===== Data provided =====

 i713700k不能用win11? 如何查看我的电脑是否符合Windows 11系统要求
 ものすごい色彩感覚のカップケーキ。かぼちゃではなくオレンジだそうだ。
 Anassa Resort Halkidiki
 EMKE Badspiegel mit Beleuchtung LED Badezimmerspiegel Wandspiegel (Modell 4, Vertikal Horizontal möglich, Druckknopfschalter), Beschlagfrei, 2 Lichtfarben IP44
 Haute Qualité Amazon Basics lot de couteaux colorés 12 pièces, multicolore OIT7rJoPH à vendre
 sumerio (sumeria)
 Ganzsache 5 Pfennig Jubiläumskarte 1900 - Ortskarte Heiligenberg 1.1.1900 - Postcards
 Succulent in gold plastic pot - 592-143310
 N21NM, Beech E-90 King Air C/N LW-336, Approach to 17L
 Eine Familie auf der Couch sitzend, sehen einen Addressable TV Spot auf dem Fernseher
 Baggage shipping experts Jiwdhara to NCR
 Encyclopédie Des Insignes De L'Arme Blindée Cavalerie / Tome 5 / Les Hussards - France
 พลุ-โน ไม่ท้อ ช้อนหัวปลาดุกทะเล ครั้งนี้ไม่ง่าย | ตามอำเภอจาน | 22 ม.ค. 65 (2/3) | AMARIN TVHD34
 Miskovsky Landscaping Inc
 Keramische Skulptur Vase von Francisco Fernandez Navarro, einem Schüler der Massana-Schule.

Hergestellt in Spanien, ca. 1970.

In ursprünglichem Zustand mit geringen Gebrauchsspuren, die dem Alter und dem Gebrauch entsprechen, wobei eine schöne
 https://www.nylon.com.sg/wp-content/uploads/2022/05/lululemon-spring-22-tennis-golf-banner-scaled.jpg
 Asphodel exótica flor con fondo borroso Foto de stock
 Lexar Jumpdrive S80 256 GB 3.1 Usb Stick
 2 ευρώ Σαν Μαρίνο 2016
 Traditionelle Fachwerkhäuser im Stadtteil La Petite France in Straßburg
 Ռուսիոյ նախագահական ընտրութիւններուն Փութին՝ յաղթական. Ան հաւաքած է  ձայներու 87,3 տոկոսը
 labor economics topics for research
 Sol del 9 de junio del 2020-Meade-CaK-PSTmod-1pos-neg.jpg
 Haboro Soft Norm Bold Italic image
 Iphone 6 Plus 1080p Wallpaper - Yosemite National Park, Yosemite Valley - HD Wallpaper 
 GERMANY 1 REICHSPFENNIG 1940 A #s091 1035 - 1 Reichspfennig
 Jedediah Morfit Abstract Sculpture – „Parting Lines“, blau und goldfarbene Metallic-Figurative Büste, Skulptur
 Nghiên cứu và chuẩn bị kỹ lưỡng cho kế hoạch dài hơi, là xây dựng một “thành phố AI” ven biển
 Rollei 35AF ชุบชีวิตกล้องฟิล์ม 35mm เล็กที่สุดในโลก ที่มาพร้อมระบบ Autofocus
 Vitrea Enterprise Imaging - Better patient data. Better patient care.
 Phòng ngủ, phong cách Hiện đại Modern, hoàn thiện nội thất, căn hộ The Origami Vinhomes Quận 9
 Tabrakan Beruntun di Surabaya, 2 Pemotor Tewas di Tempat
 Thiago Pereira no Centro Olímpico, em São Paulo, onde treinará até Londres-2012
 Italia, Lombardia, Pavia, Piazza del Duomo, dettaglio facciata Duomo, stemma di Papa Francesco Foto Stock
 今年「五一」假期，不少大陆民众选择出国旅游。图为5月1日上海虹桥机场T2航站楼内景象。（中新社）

=====

Copy every line above that includes the string "Skulptur".

● Solution to the problem
 Keramische Skulptur Vase von Francisco Fernandez Navarro, einem Schüler der Massana-Schule.
 Jedediah Morfit Abstract Sculpture – „Parting Lines“, blau und goldfarbene Metallic-Figurative Büste, Skulptur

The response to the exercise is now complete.